My god this is so beautiful. So much insight making things fall into place. "Finding coefficienes in a Fourrier series is exactly like an expansion in an orthonormal basis". Now I get it!
This is the moment in time where I have to say thank you! In my opinion this lecture connects everything that happend until now beautifully and builds the foundation for solving most advanced engineering problems.
Prof. Strang's lectures are legendary 😭I've been following this course for a while and it has been a delight to see the concepts unfold in such an elegant and coherent way
The link between Orthonormal vectors and Trigonometric functions by the example of Fourier Series! Great example with Great connection between Algebra and Function! at 44:00. Thanks!
me too haha. I guess because its somehow related to calculus? or differential equation, if you are not quite familiar with those topics, i guess it might add difficulties to us to see what the lecture is actually trying to prove, and the actual use of these matrix. However, you might probably remember these stuff, when you actually need them in the future. then you can pick up these knowledge again and solve the puzzle hopefully
Ah man, I know that feeling. You get to the end of a lecture and realise that you haven't understood anything for several lectures. It can really be worth it to rewatch carefully.

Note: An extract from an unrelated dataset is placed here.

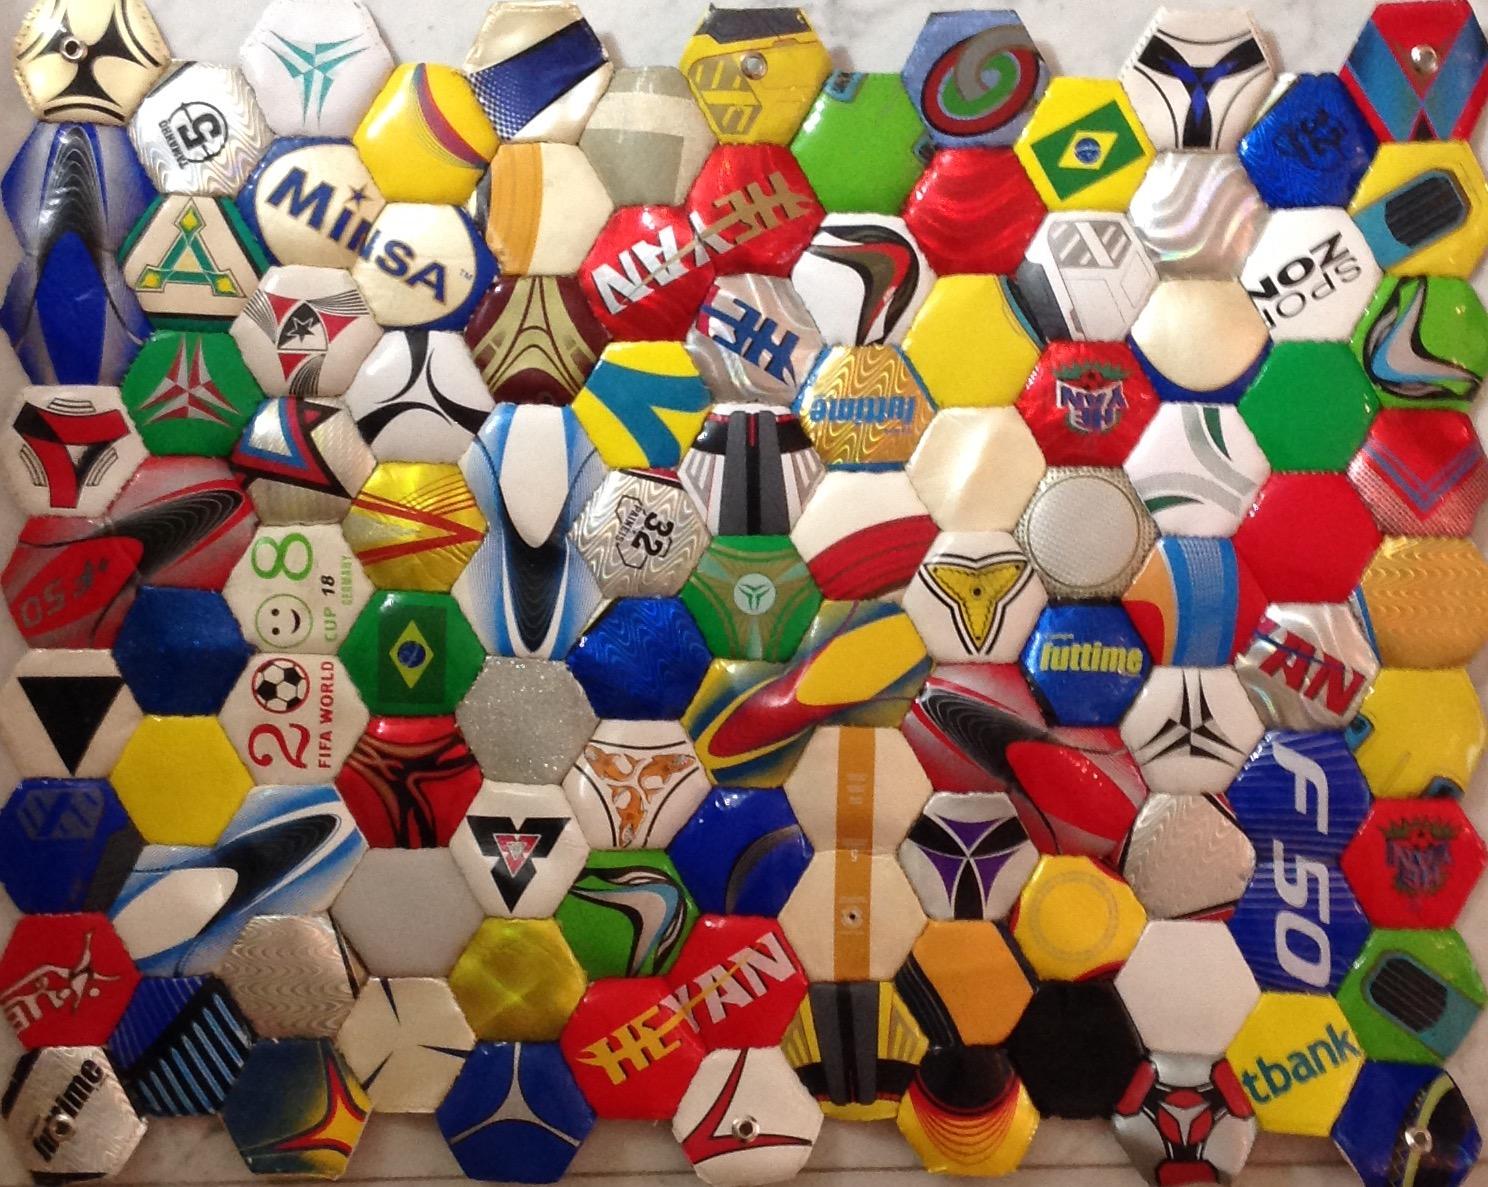 FB42 - Felipe Barbosa - Cada um por si [
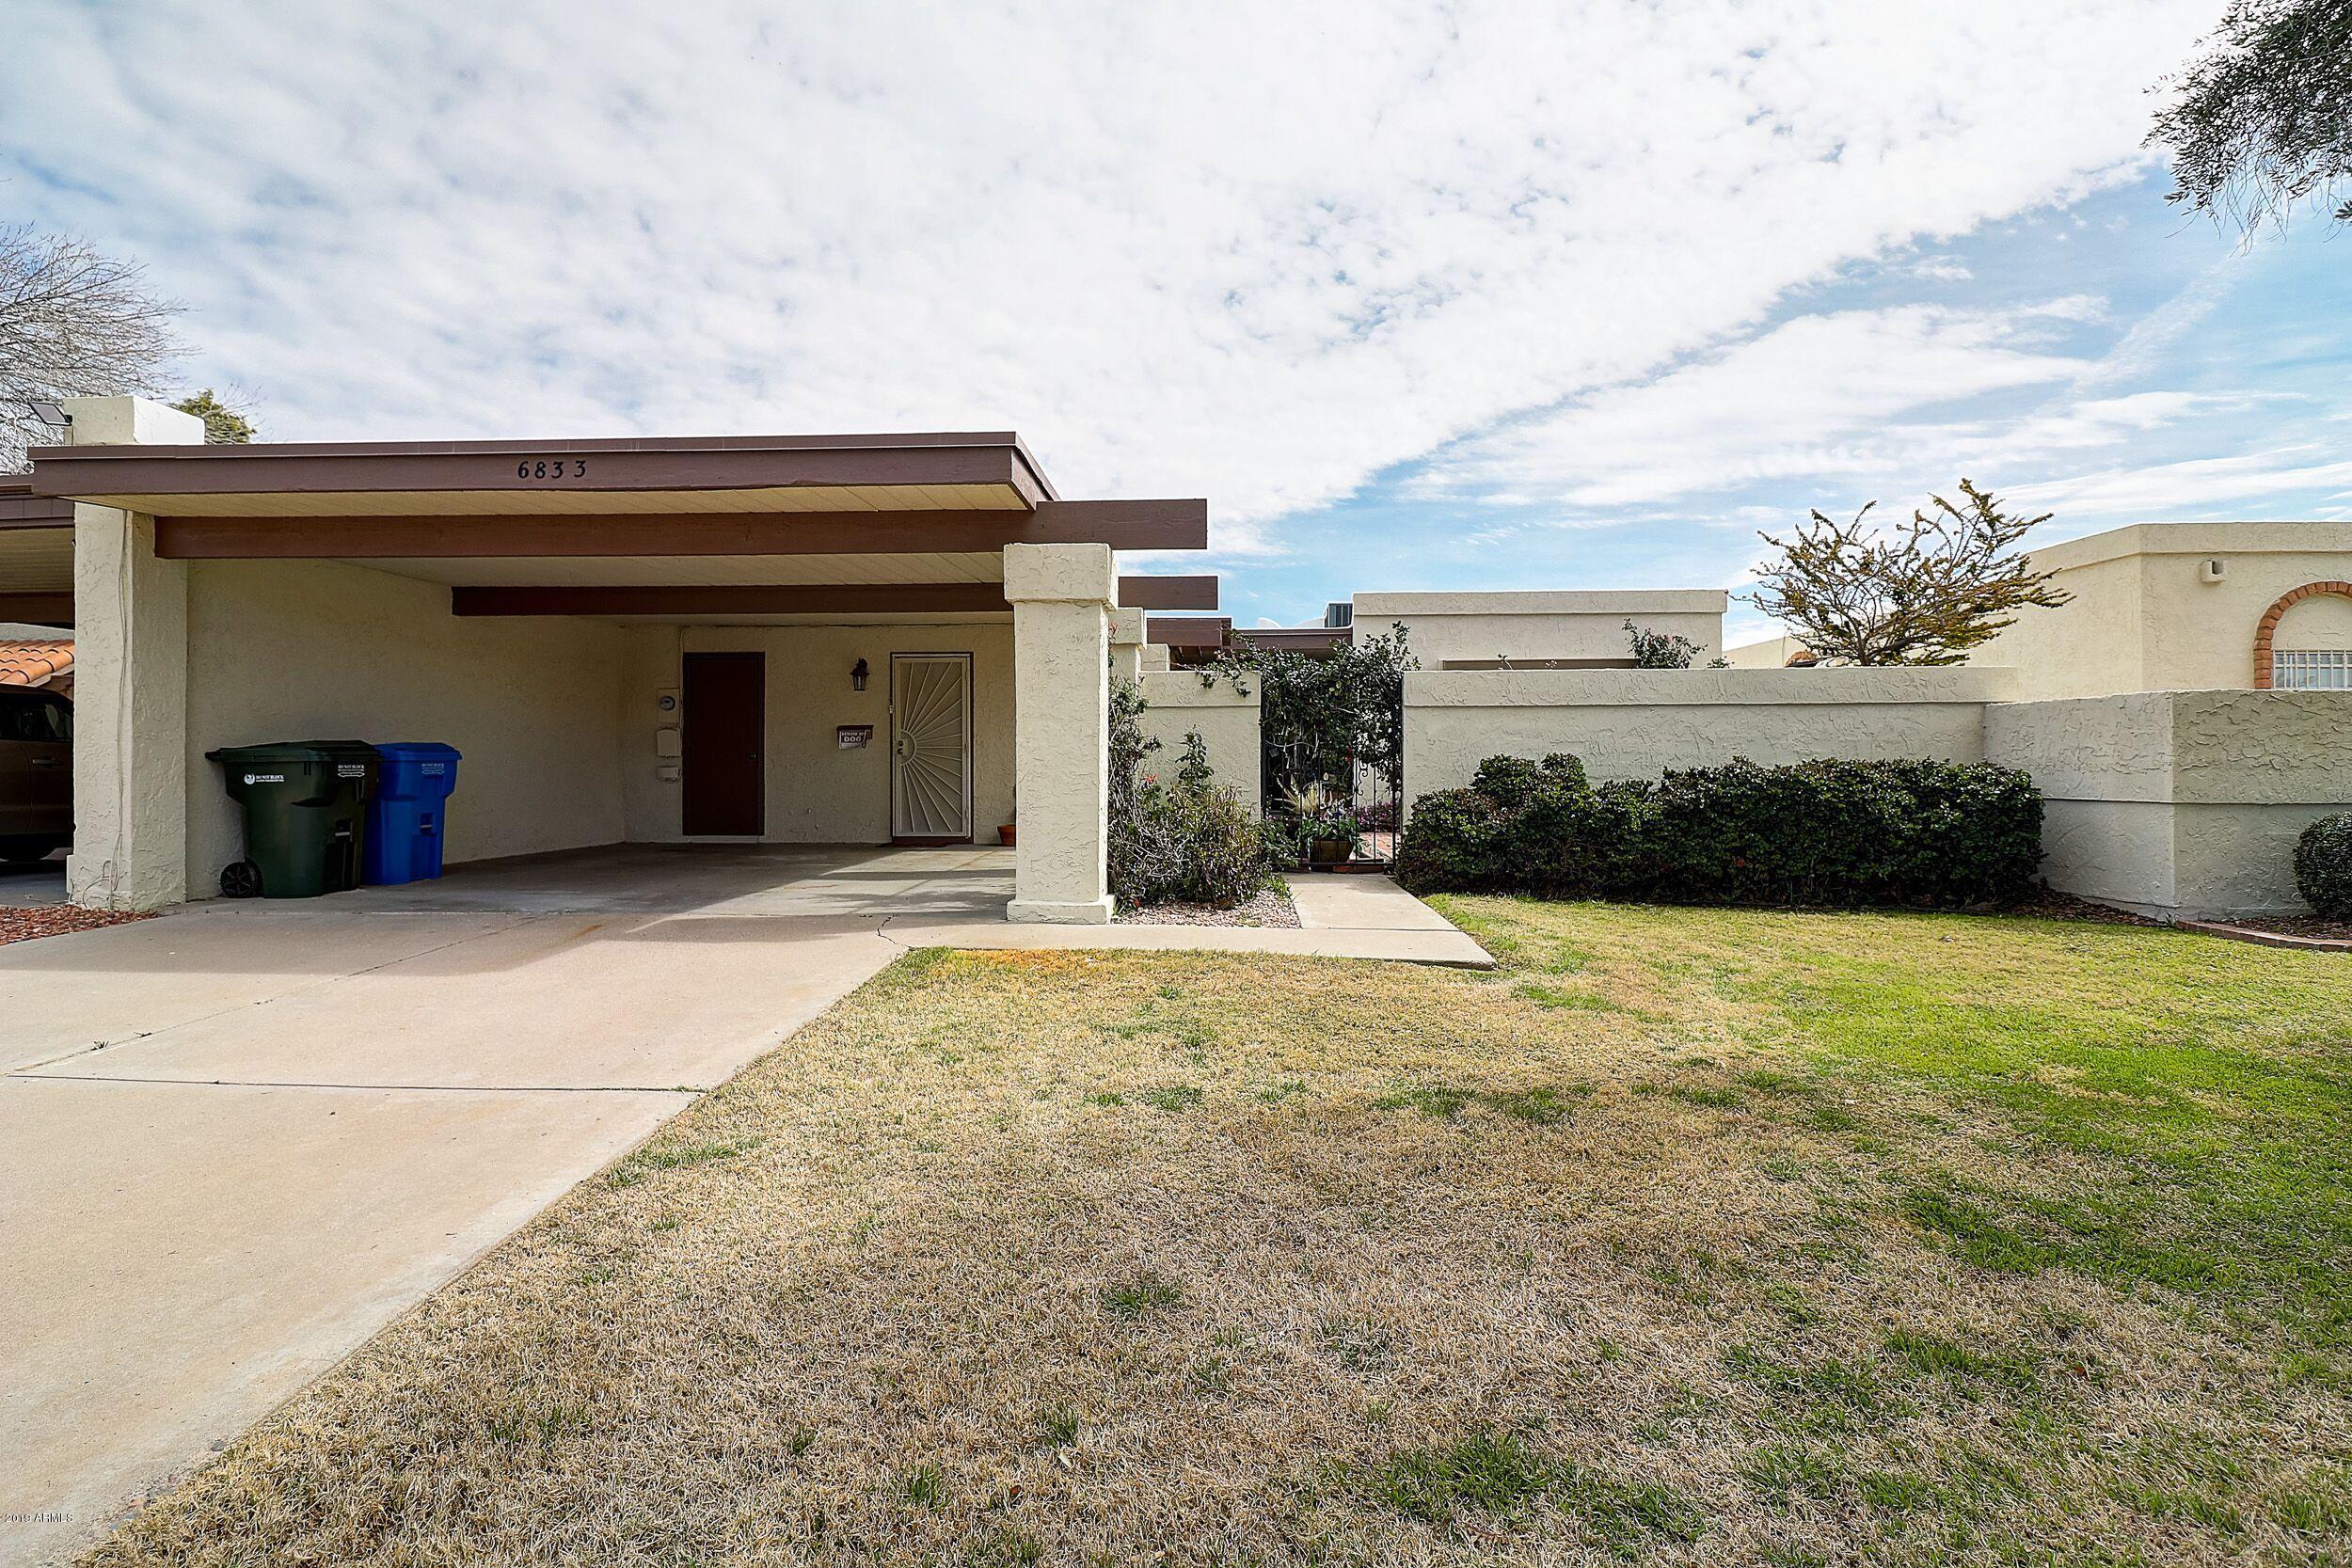 Photo of 6833 N 29TH Avenue, Phoenix, AZ 85017

It is worth pointing out that A in the the notation N(A) (16:00) is a generic reference to matrix, not the Markov matrix used as a concrete example. Clarify this confusion, and we could better understand why the eigenvector of eigenvalue 1 is in the null space of ‘A’.
Professor Strang can almost always explain a concept from an angle other professors rarely touch upon. Excitingly, that angle seems always to be the right angle most appropriate to understand that concept.
Prof. Strang's lectures are legendary 😭I've been following this course for a while and it has been a delight to see the concepts unfold in such an elegant and coherent way
This is certainly God level! Things he is saying at times, not only predicting the answers to himself but also to the audience, just to assure them that they can do it too. Also, not being there predicting and waiting for more than a few more secs., for others to still follow!
The eigenvector calculation around minute 33 confused me until I saw how the zero in row three gives an extra degree of freedom in choosing the vector. The check is to multiply by row 2. A nice trick.
I’m taking 18.06 now but Gilbert Strang resigned just before I took the class. Very very sad. His lectures here are perfect though so I can just watch these in my dorm instead of walking all the way to lecture.
In the Fourier series explanation, I think (1, cos, sin, ...) are not unit vectors, cause inner product of cos and cos is pi, not 1. So, I guess, to be orthonormal basis, we need normalization with 1/pi with cos vector. So, In my understanding, just 'orthogonal basis' is correct term for functions (1, cos, sin, ...) as a basis for set of all possible Fourier series' (a vector space).
My goodness, this is beautiful. The insights given by prof. Strang, especially on Fourier series, are out of this world! Thank you very much four your intuition on these profound topics, they are very valuable.
Prof. Strang, you are truly amazing for even a Ph.D, in terms of your lucid explanation and causal but very deep explanation which encourages thinking more than number crunching! It is really an honor to listen to your lecture!
Hawkings radiation compels us to go in for Blackhole as singularity becomes unsteady flow for a vaporisation in a way supports Einstein's refusal to accept Blackhole as singularity.
I didn't know about Markov matrices, they are very interesting. So all n x n matrices with each entry equal to 1/n are Markov matrices, with eigenvalues 0 and 1 (1 because they are Markov matrices, 0 because their rank is equal to 1).
The invention and development of Google is due to Markov Matrices. The things that we see and use everyday in our lives is built on mathematical theory and concepts.